Unless otherwise specified, the terms 'about' and/or 'close' with respect to a dimension or extent, such as length, implies within an inclusive range of -10% to +10% of the respective dimension or extent.

Unless otherwise specified, the terms 'about' or 'close' imply at or in a region of, or close to a location or a part of an object relative to other parts or regions of the object.

When a range of values is recited, it is merely for convenience or brevity and includes all the possible sub-ranges as well as individual numerical values within and about the boundary of that range. Any numeric value, unless otherwise specified, includes also practical close values enabling an embodiment or a method, and integral values do not exclude fractional values. A sub-range values and practical close values should be considered as specifically disclosed values.

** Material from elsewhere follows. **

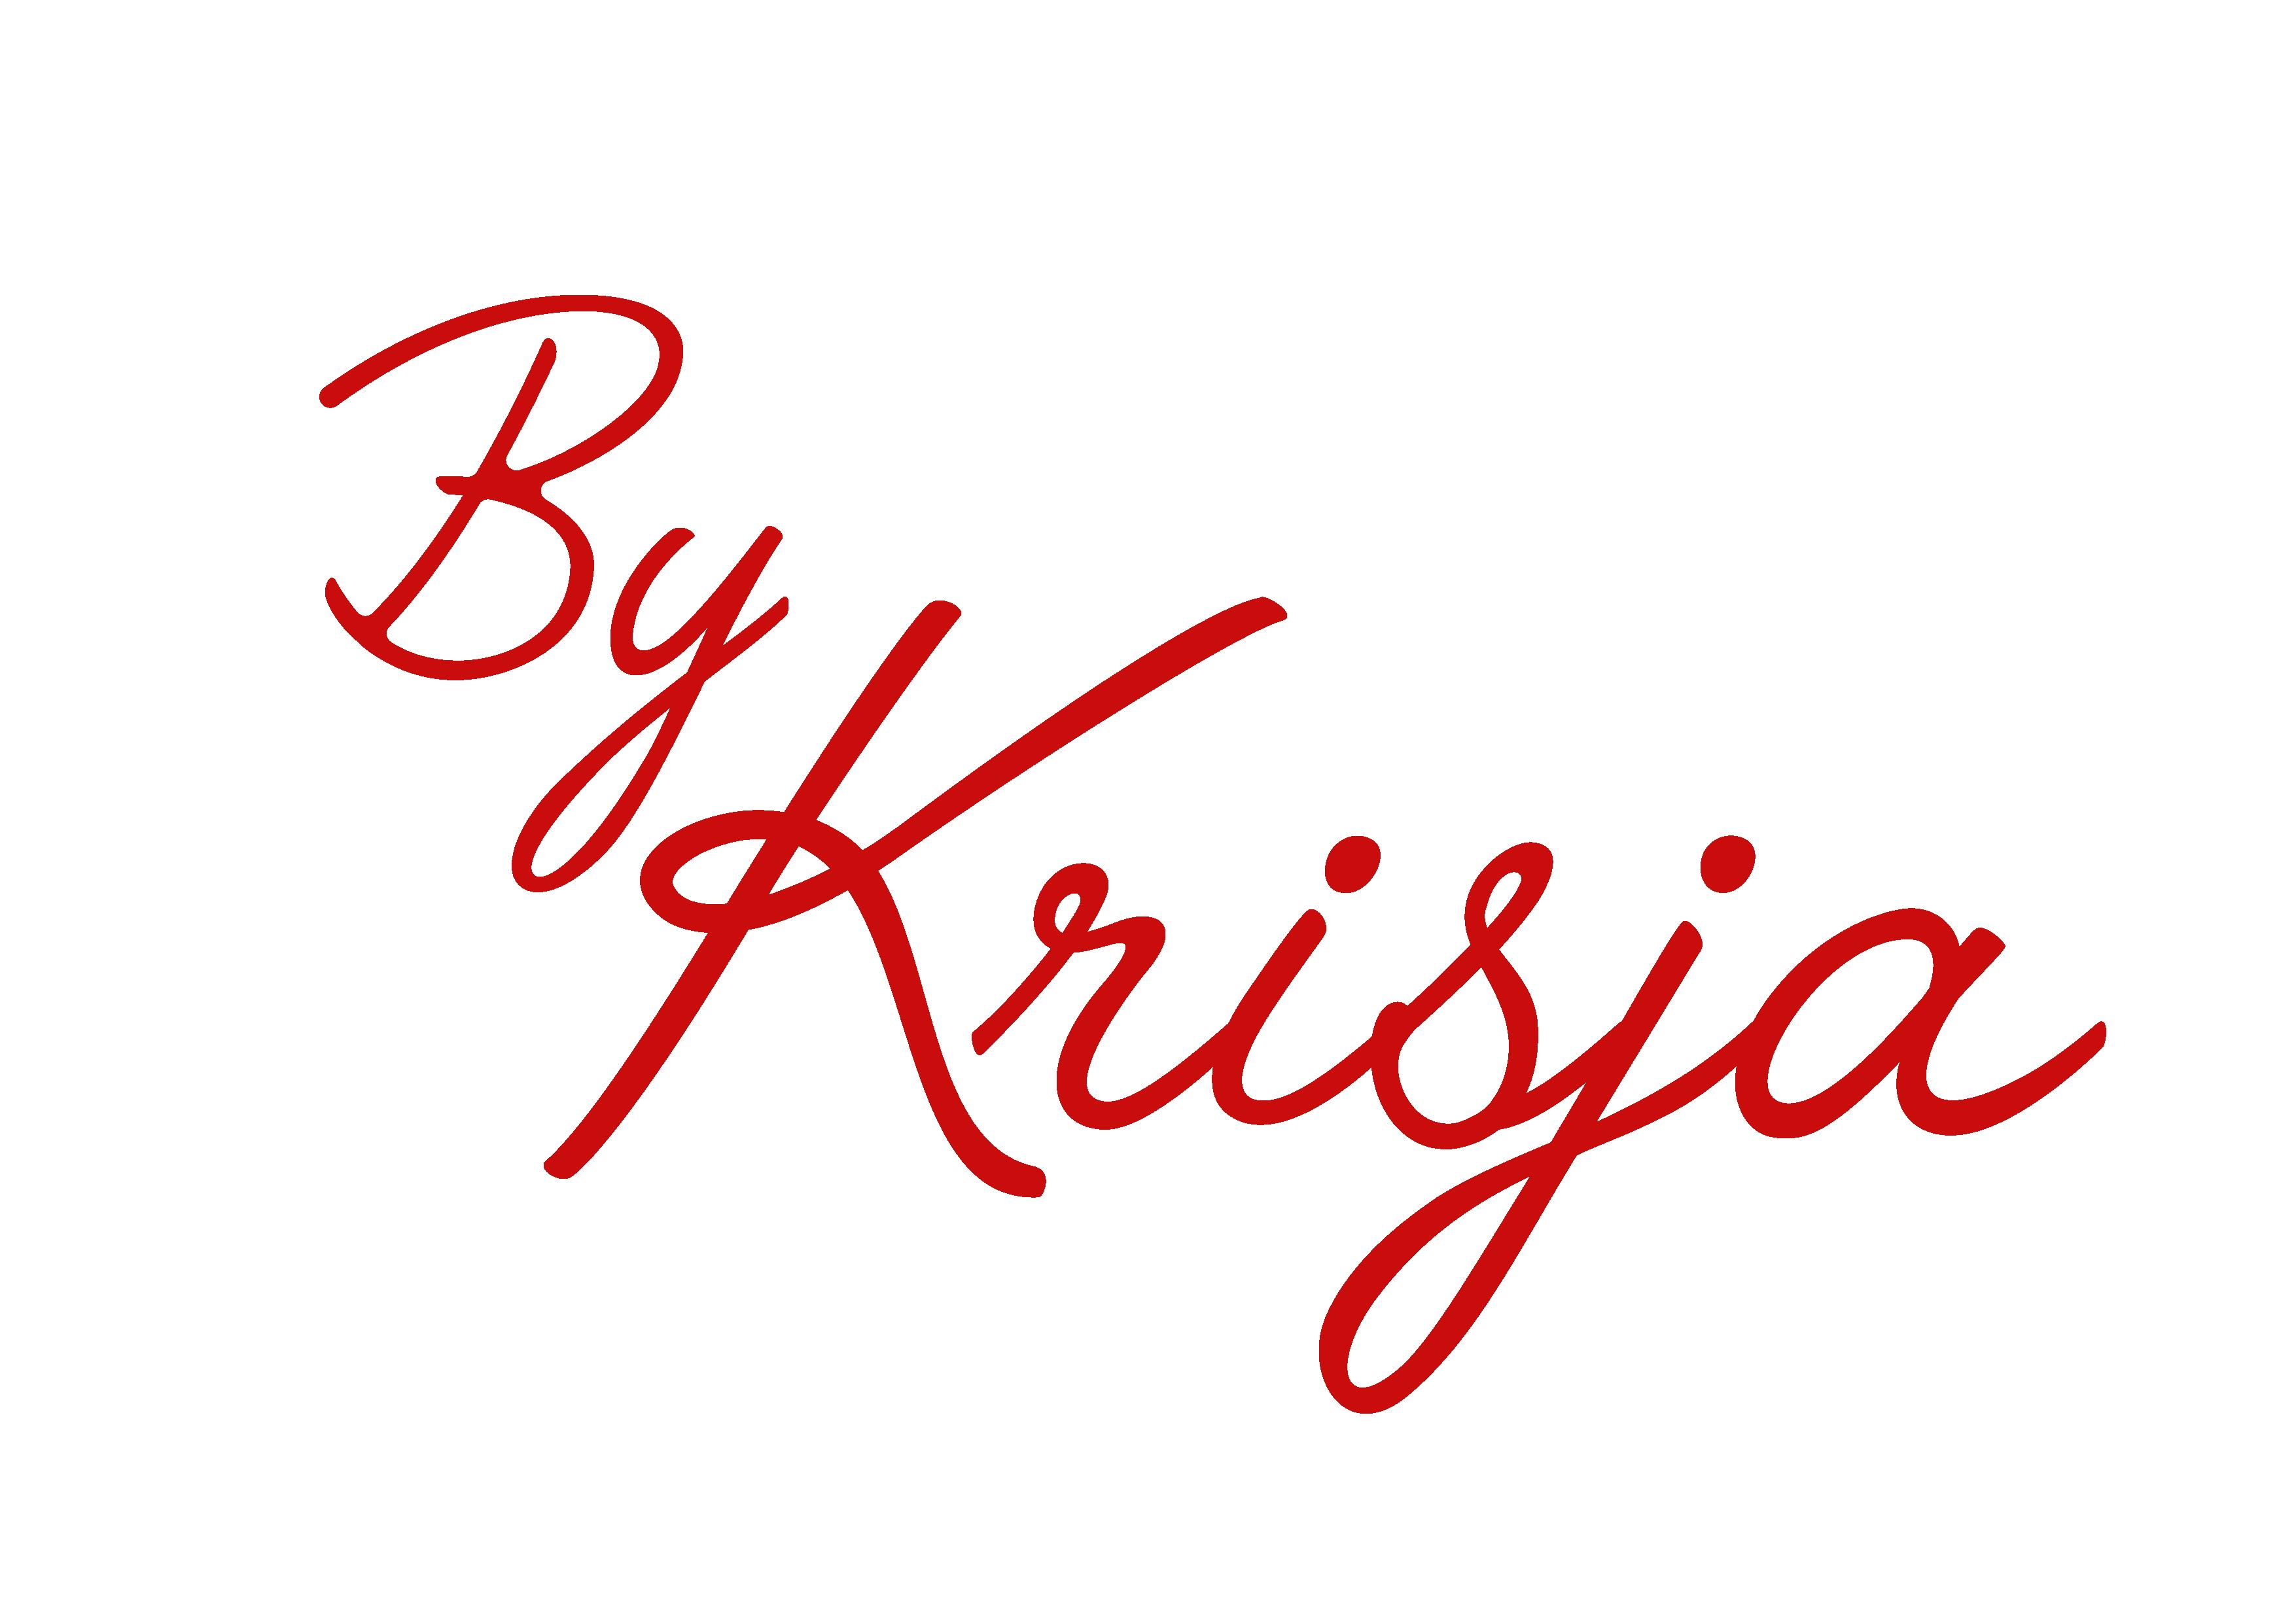 By Krisja

As used herein, ellipsis (...) between two entities or values denotes an inclusive range of entities or values, respectively. For example, A...Z implies all the letters from A to Z, inclusively.

The terminology used herein should not be understood as limiting, unless otherwise specified, and is for the purpose of describing particular embodiments only and is not intended to be limiting of the disclosed user matter. While certain embodiments of the disclosed user matter have been illustrated and described, it will be clear that the disclosure is not limited to the embodiments described herein. Numerous modifications, changes, variations, substitutions and equivalents are not precluded.

Terms in the claims that follow should be interpreted, without limiting, as characterized or described in the specification.